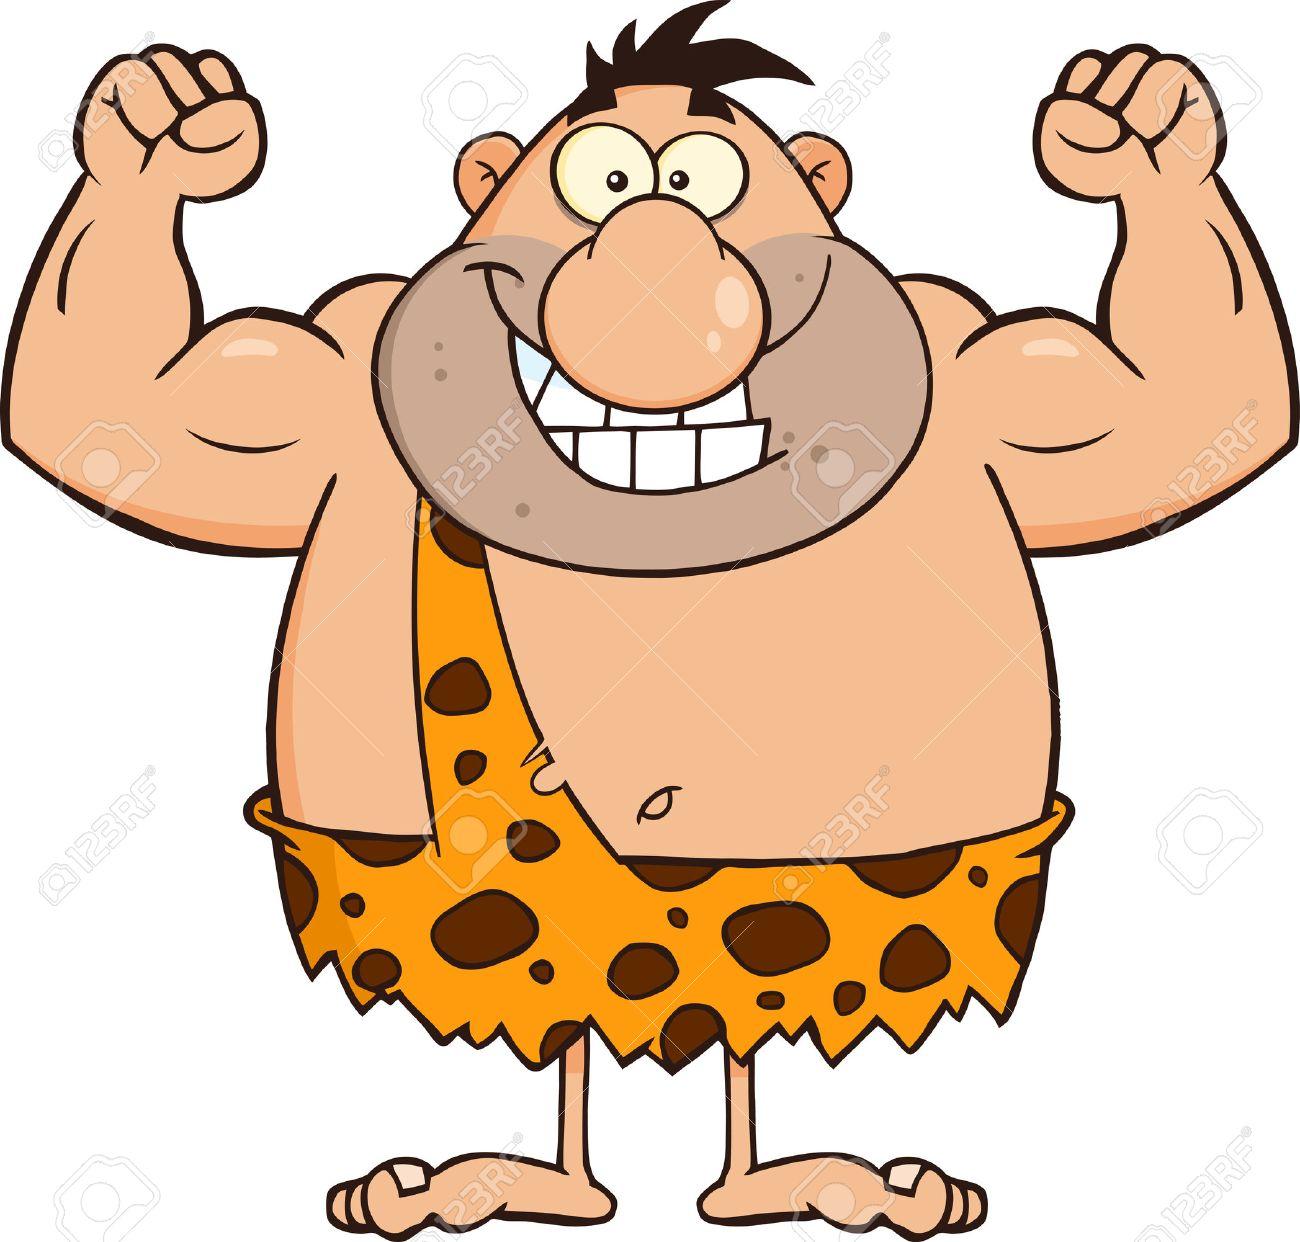 3 632 caveman stock vector illustration and royalty free caveman clipart rh 123rf com caveman clipart black and white clipart caveman wheel
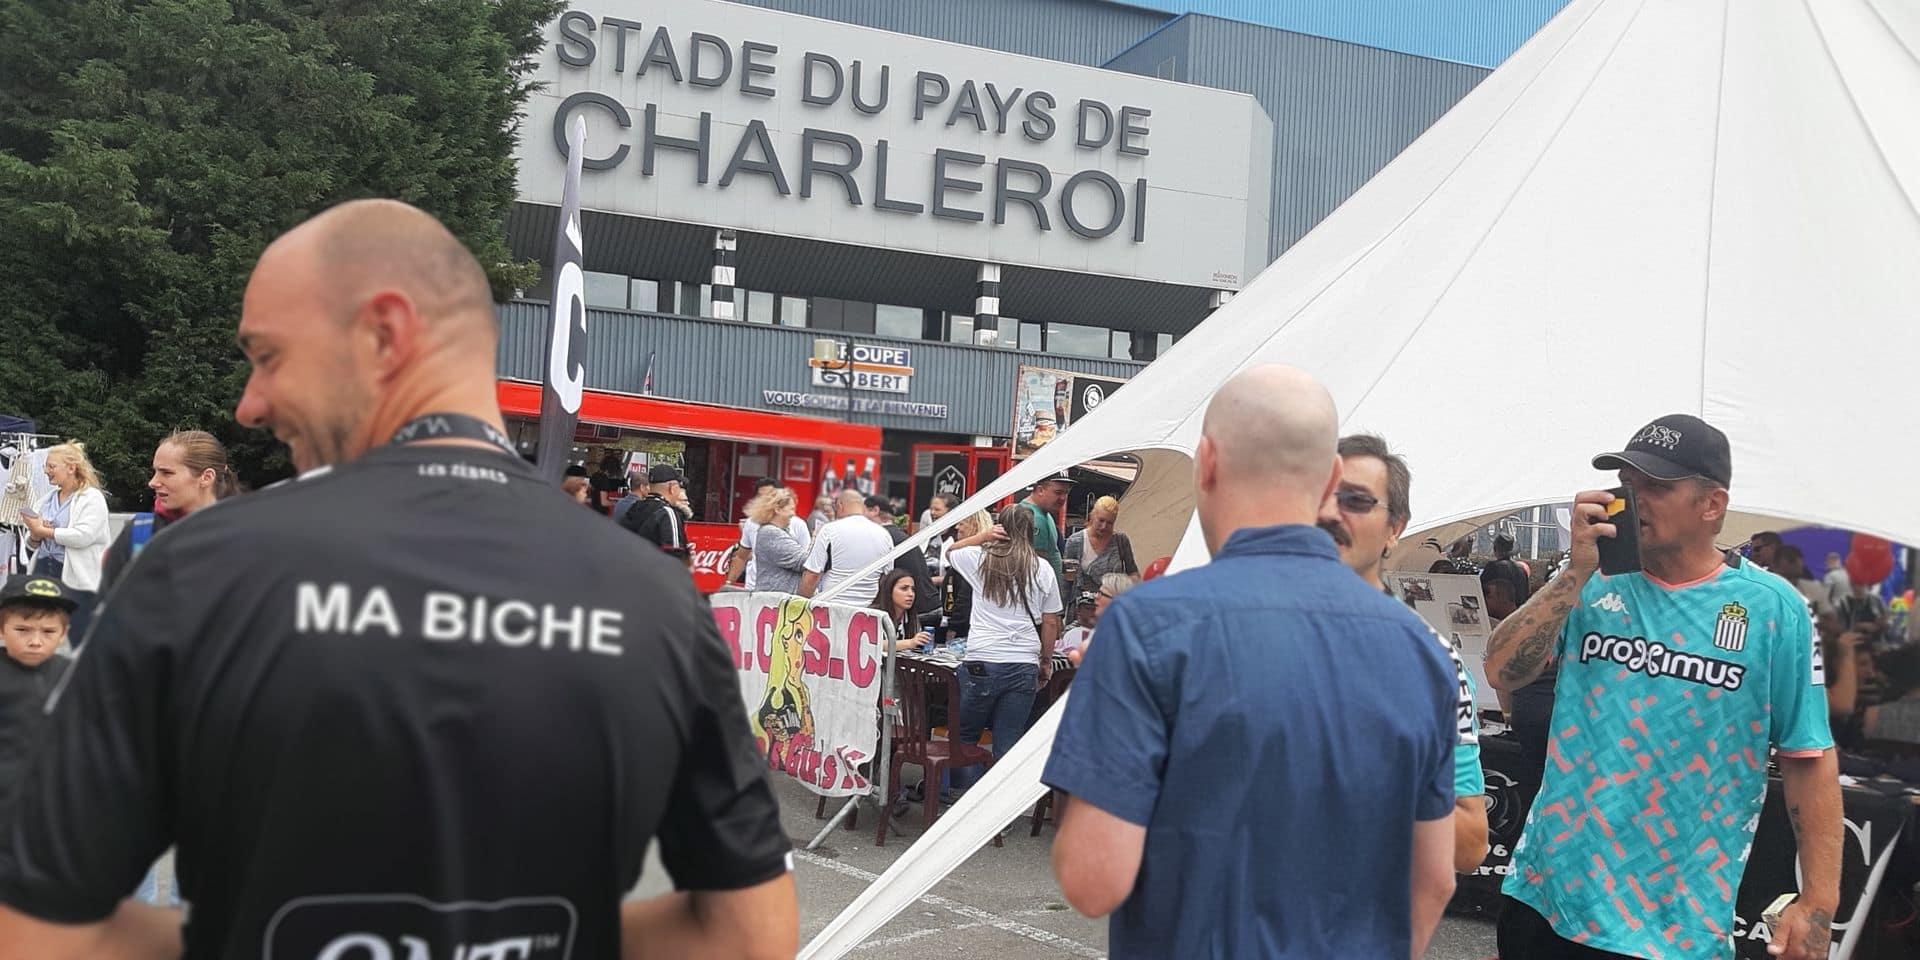 Charleroi : le fan day du Sporting attire les foules
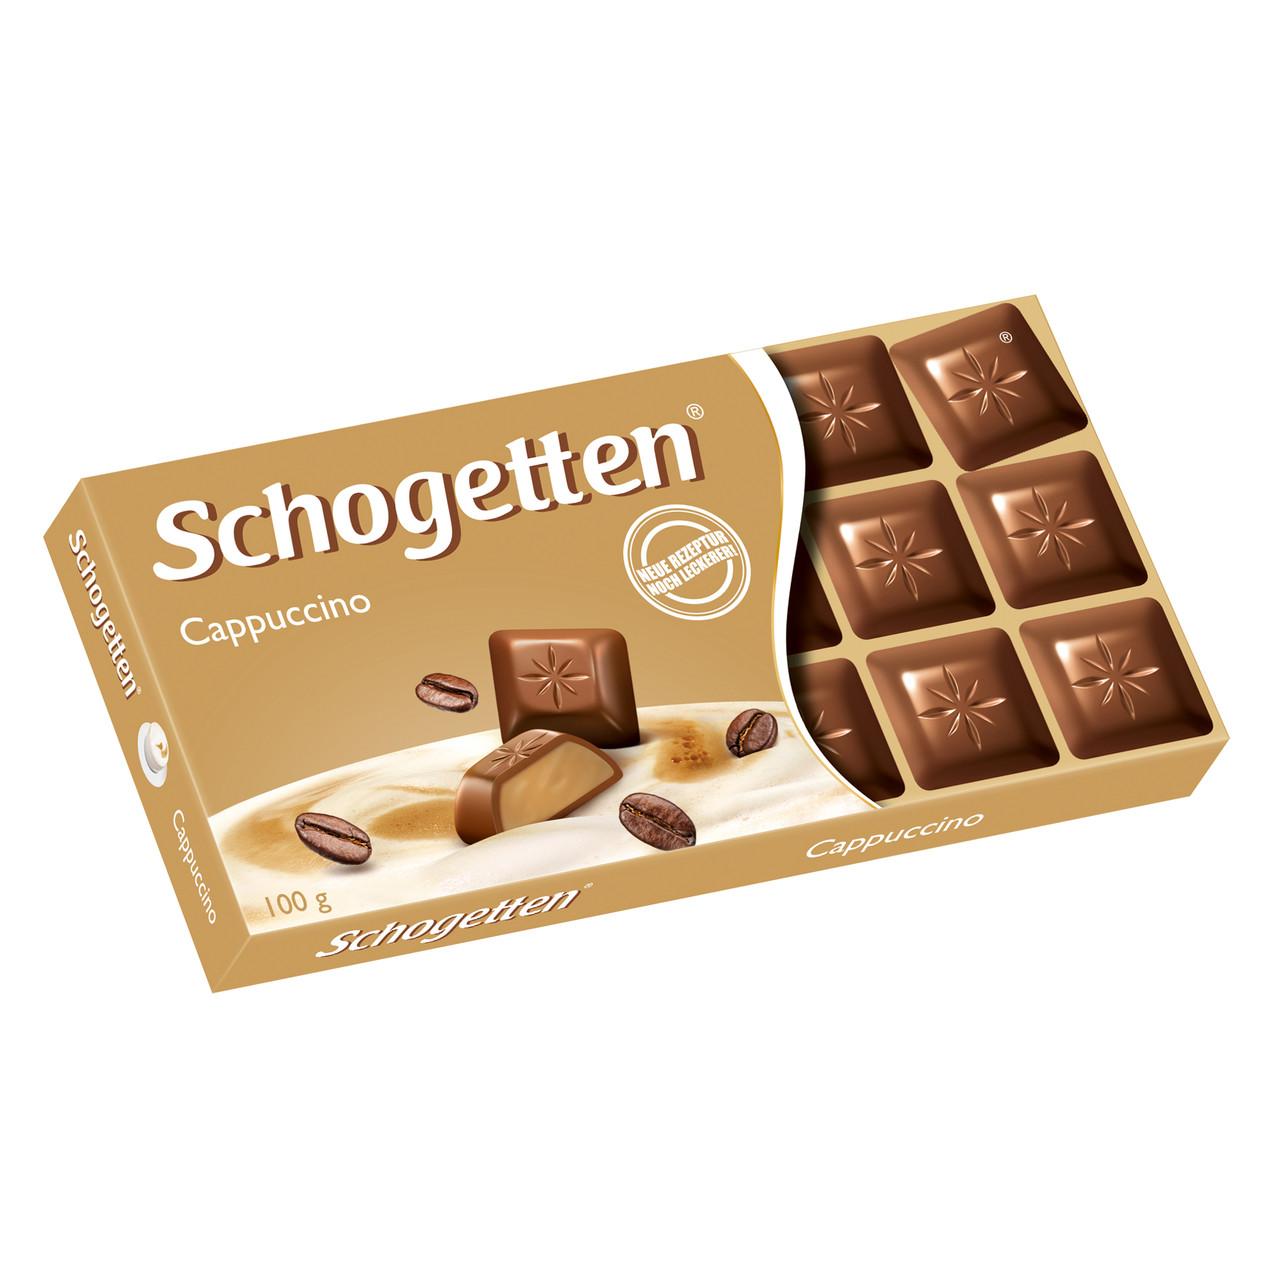 Шоколад Schogetten Cappuccino 100 гр.
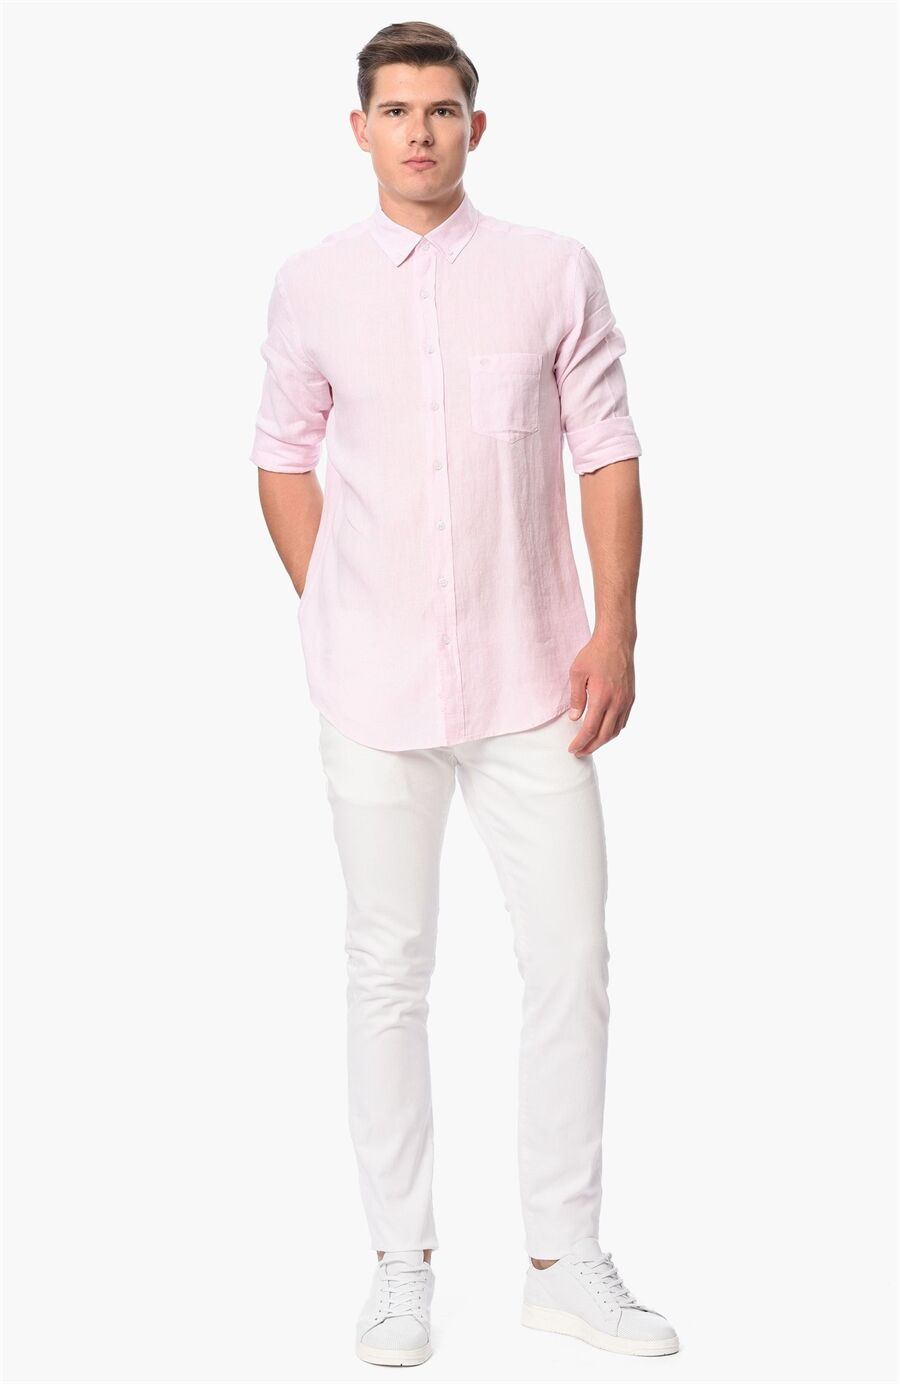 Diyagonal Slım Fit Beyaz Casual Pantolon

* TASK DESCRIPTION
Aside from the pictures, repeat the listing exactly.

* RESPONSE TO THE EXERCISE
 3 632 caveman stock vector illustration and royalty free caveman clipart rh 123rf com caveman clipart black and white clipart caveman wheel
 Charleroi : le fan day du Sporting attire les foules
 Шоколад Schogetten Cappuccino 100 гр.
 Diyagonal Slım Fit Beyaz Casual Pantolon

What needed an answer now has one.